The lines to copy run from the one containing "Hà Nội thu hút thêm 2,659 tỷ USD vốn FDI" to the end of the listing. Please write them out exactly, minus the pictures.

Given information —
◆ ◆ ◆ ◆ ◆ ◆ ◆
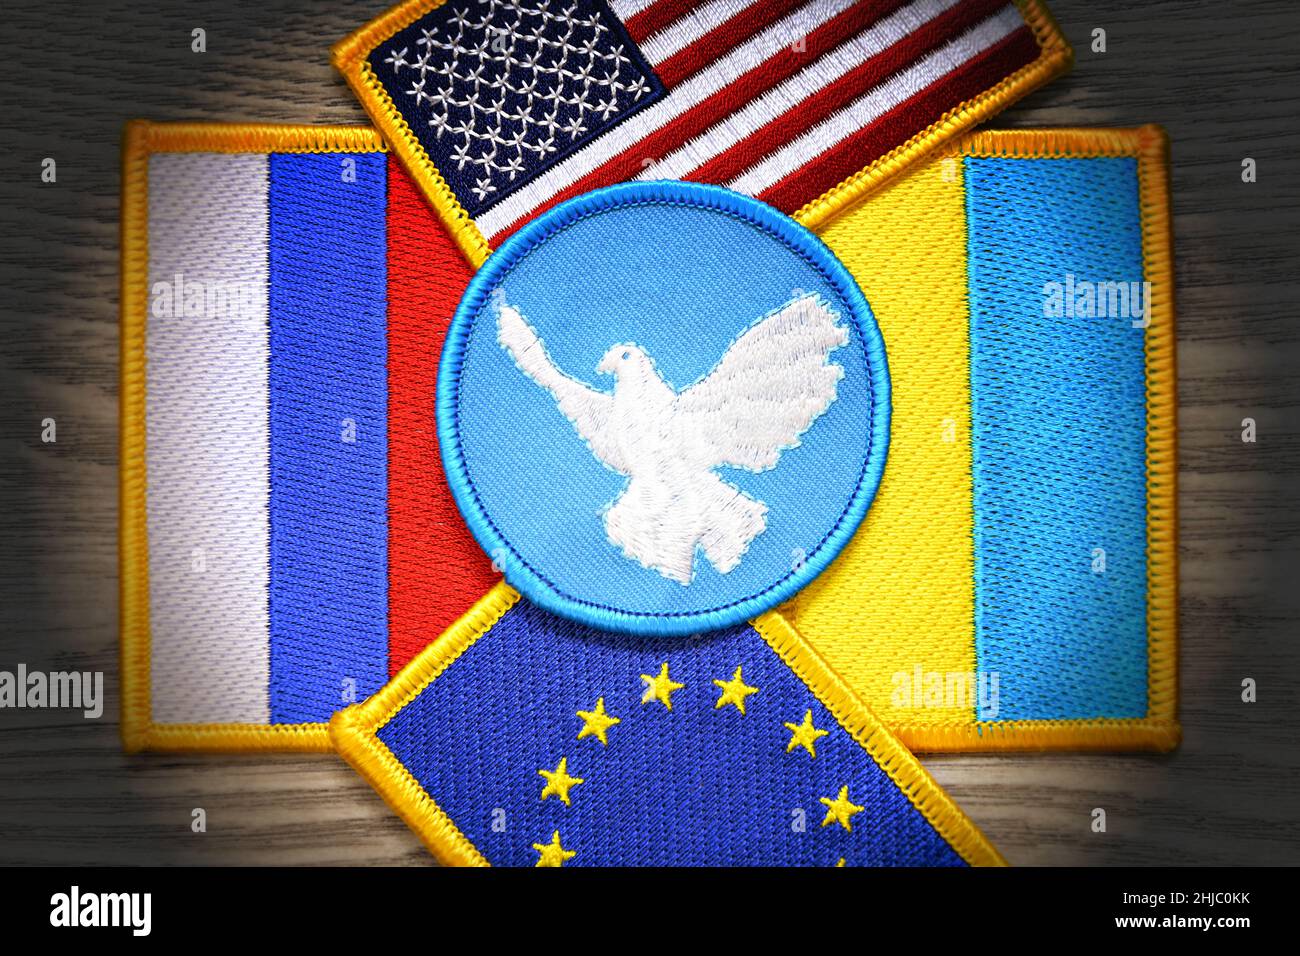 La paix est en effet patchwork sur les drapeaux de la Russie, de l’Ukraine, des États-Unis et de l’UE, ainsi que sur la crise ukrainienne Banque D'Images
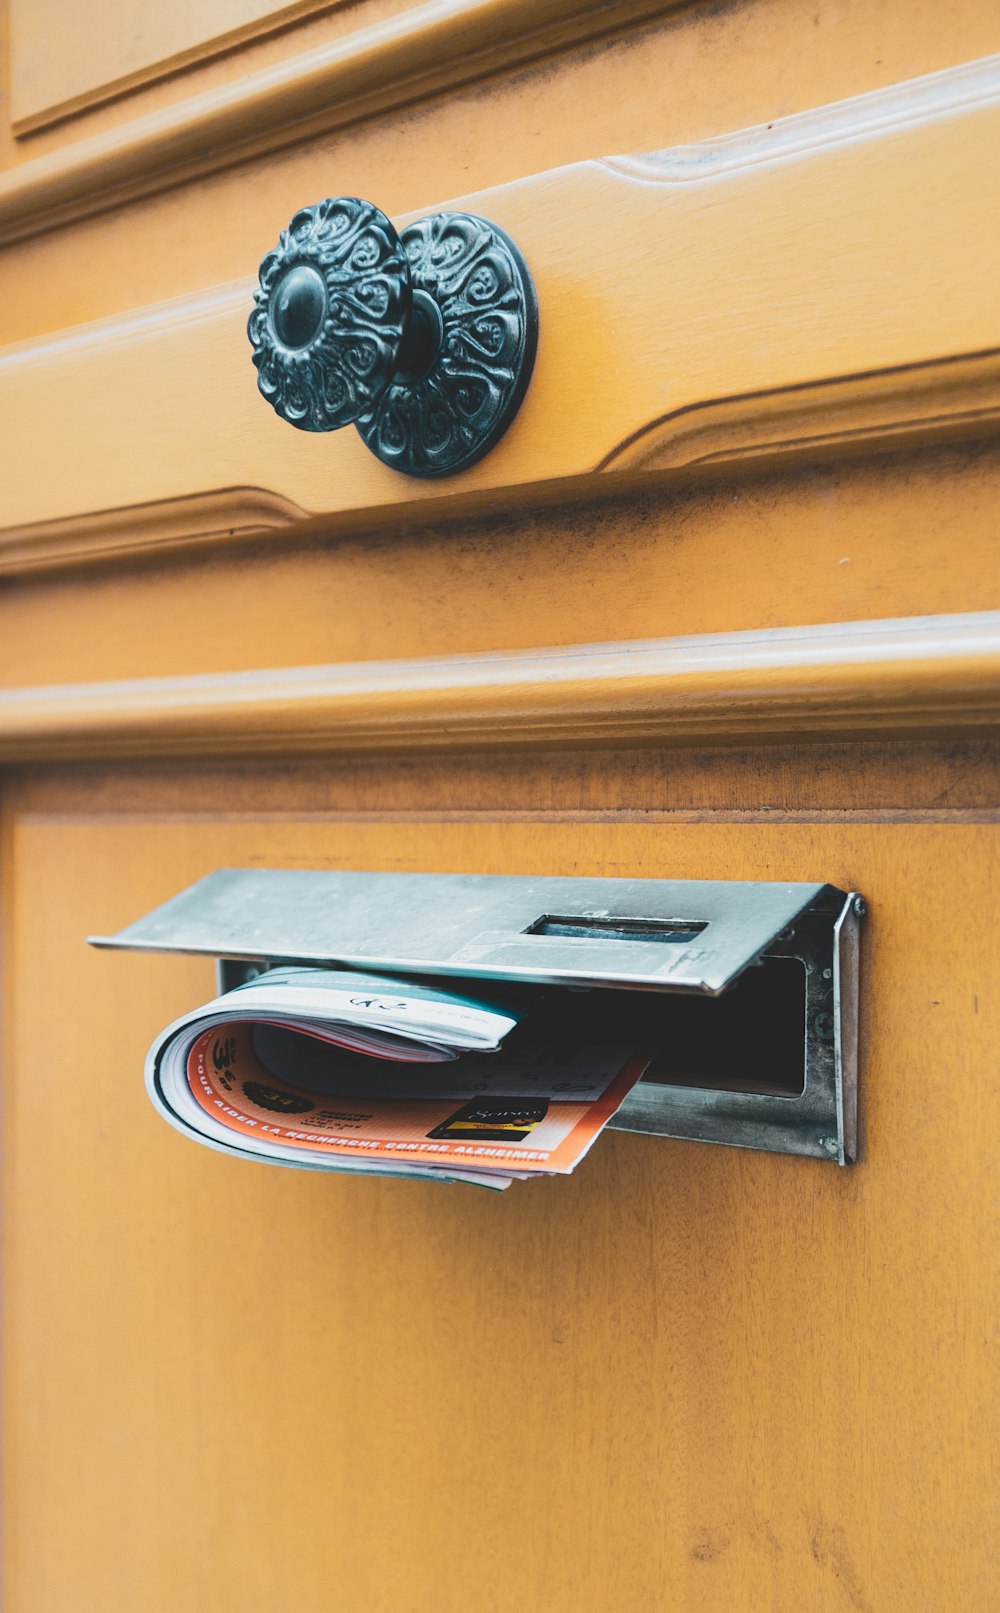 brochure on door's mail slot
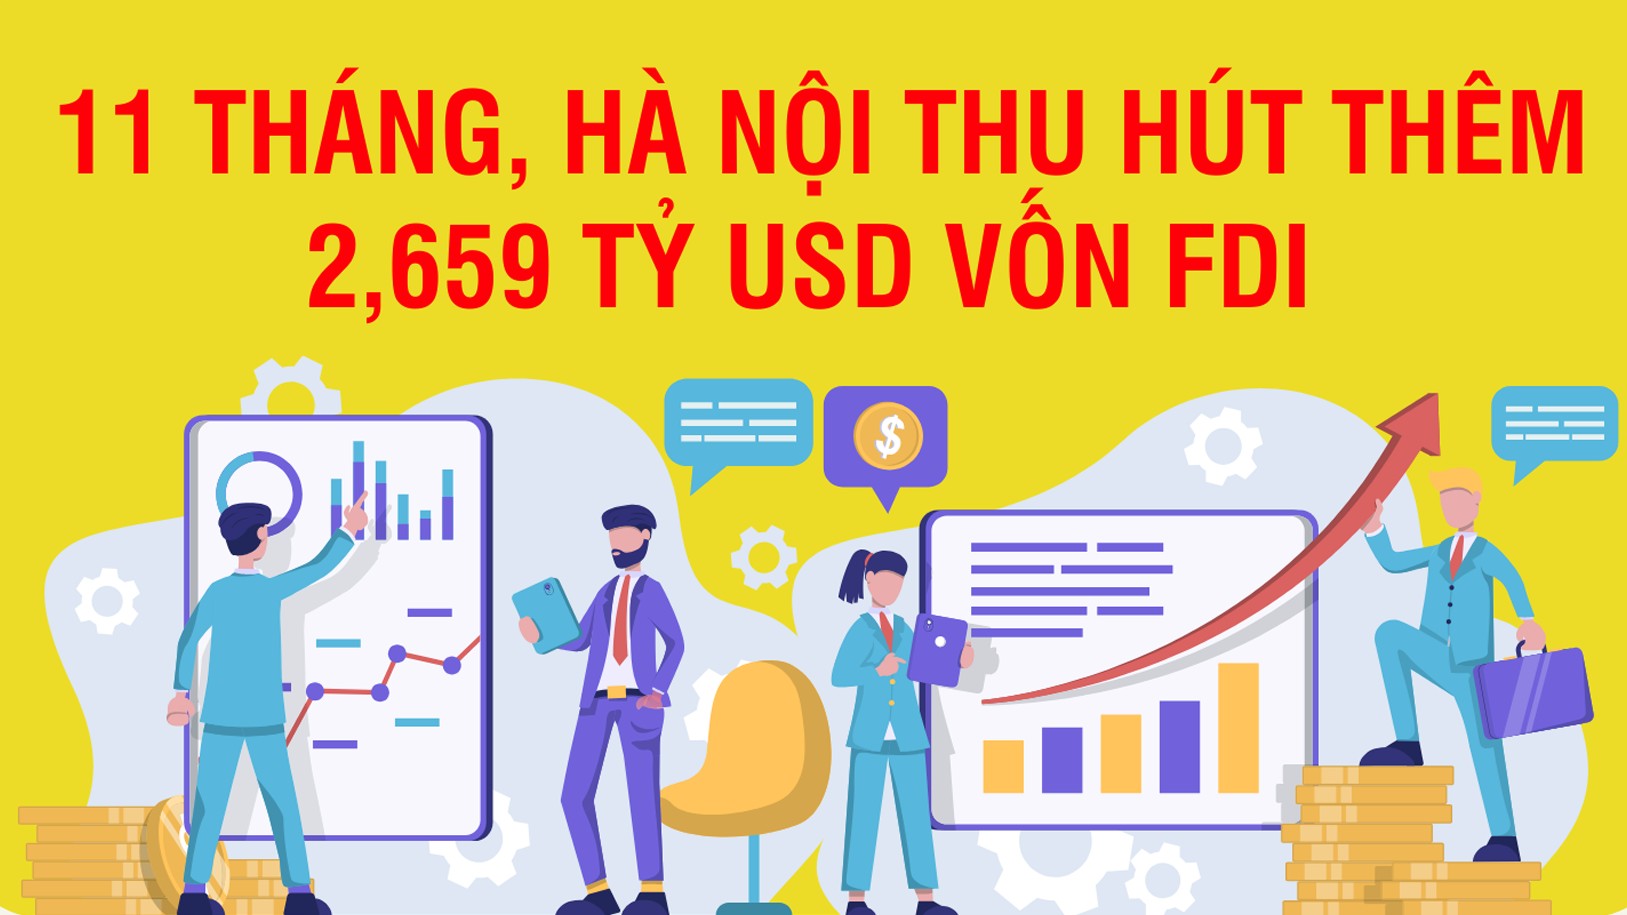 Hà Nội thu hút thêm 2,659 tỷ USD vốn FDI
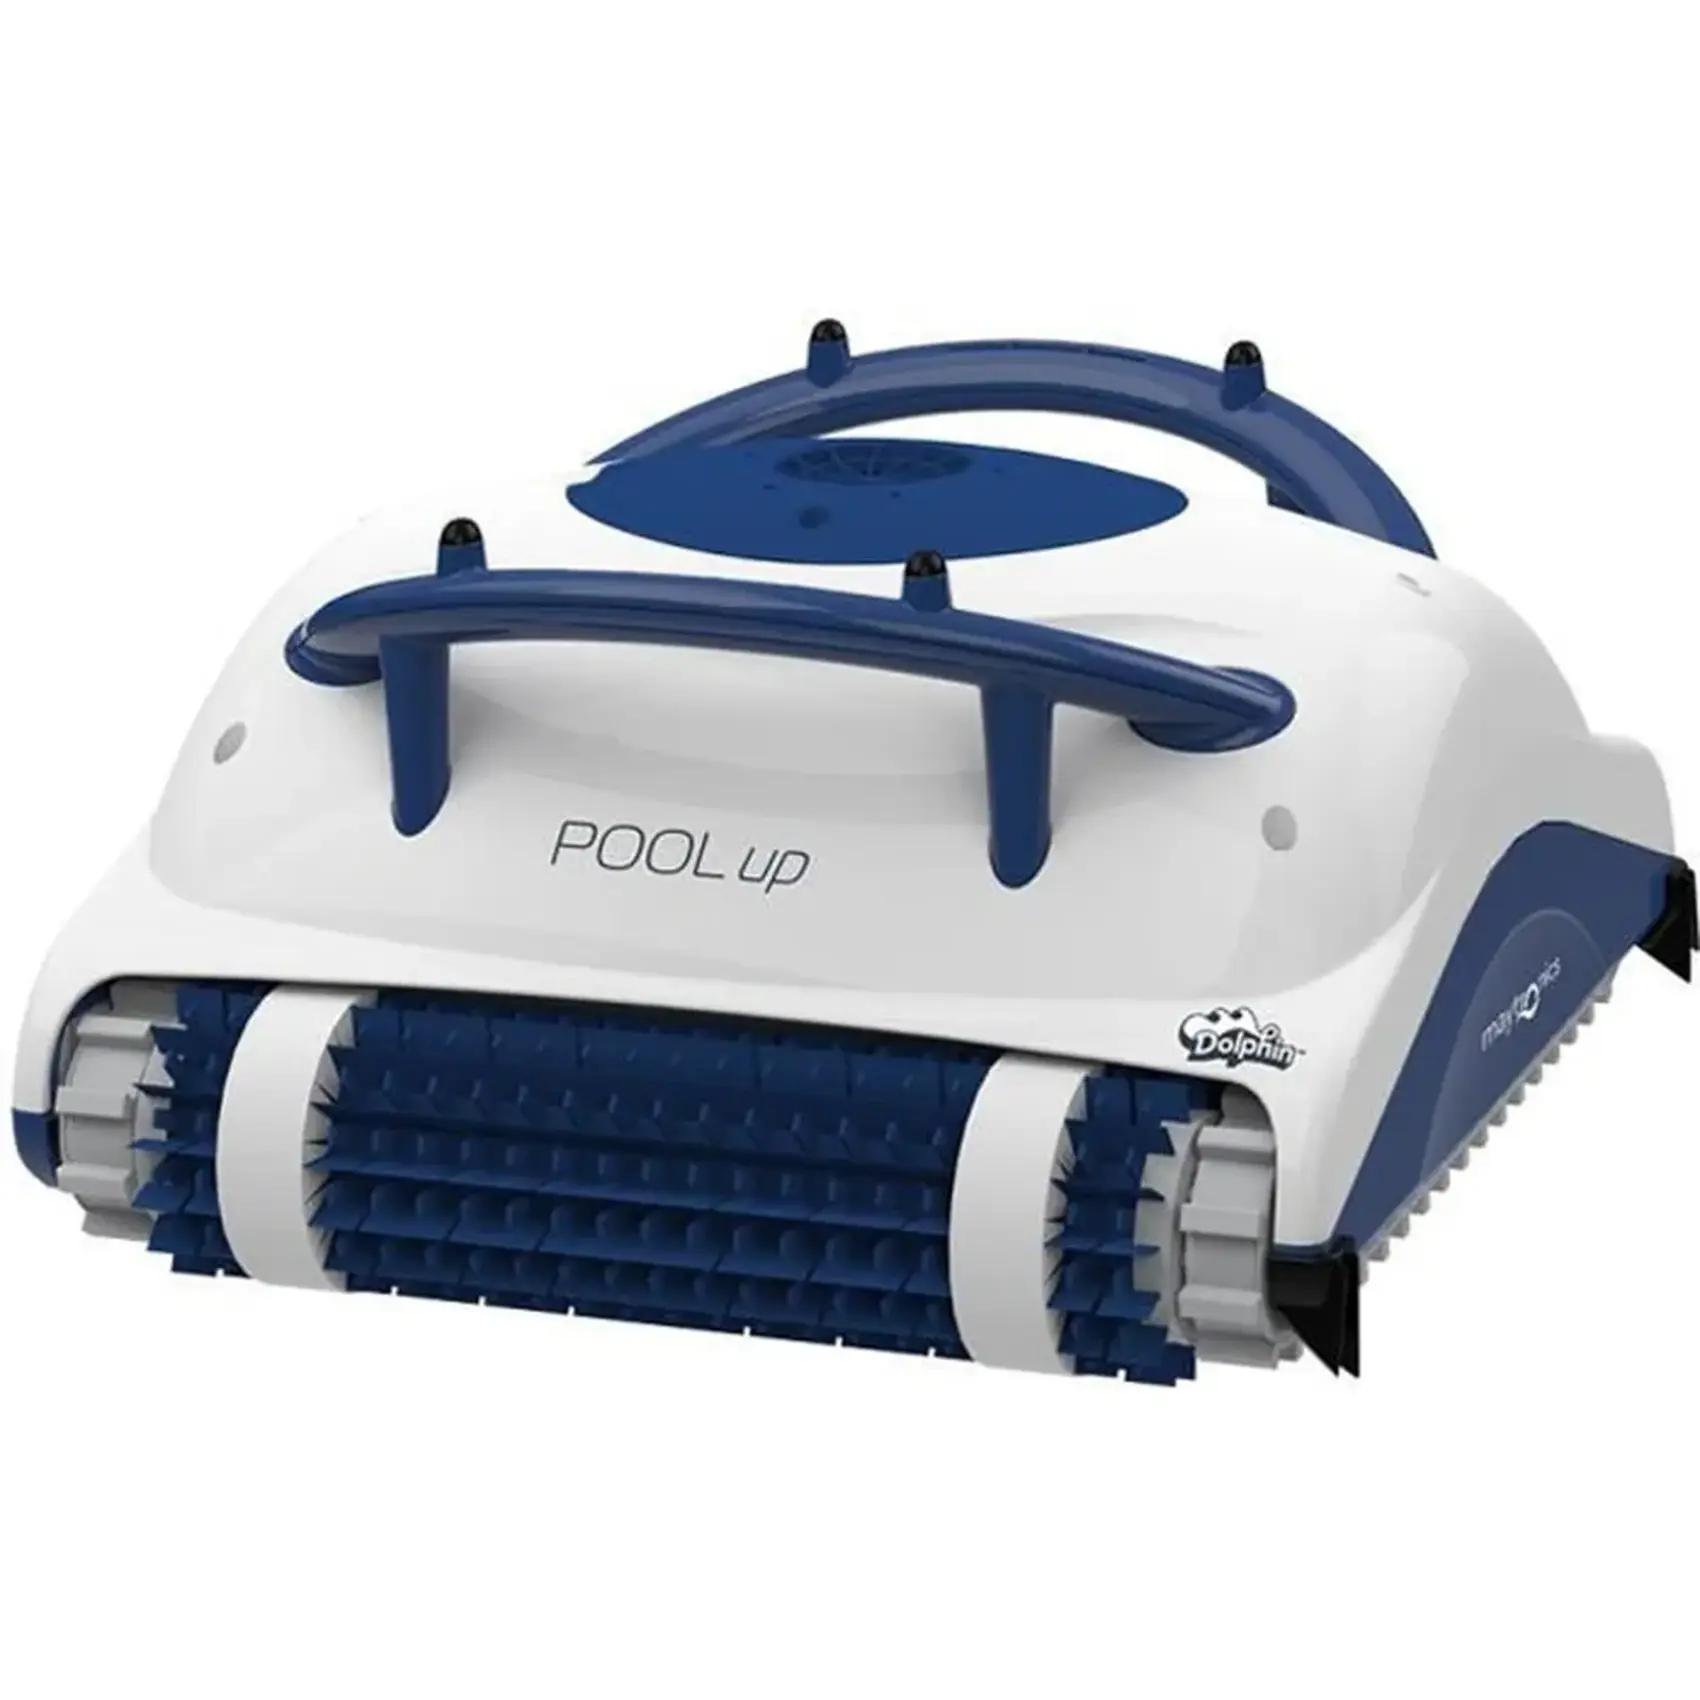 Profitez d'une offre exceptionnelle sur le robot de piscine électrique DOLPHIN POOL UP © Cdiscount
◆ ◆ ◆ ◆ ◆ ◆ ◆
Solution to this problem —
 Hà Nội thu hút thêm 2,659 tỷ USD vốn FDI
 Profitez d'une offre exceptionnelle sur le robot de piscine électrique DOLPHIN POOL UP © Cdiscount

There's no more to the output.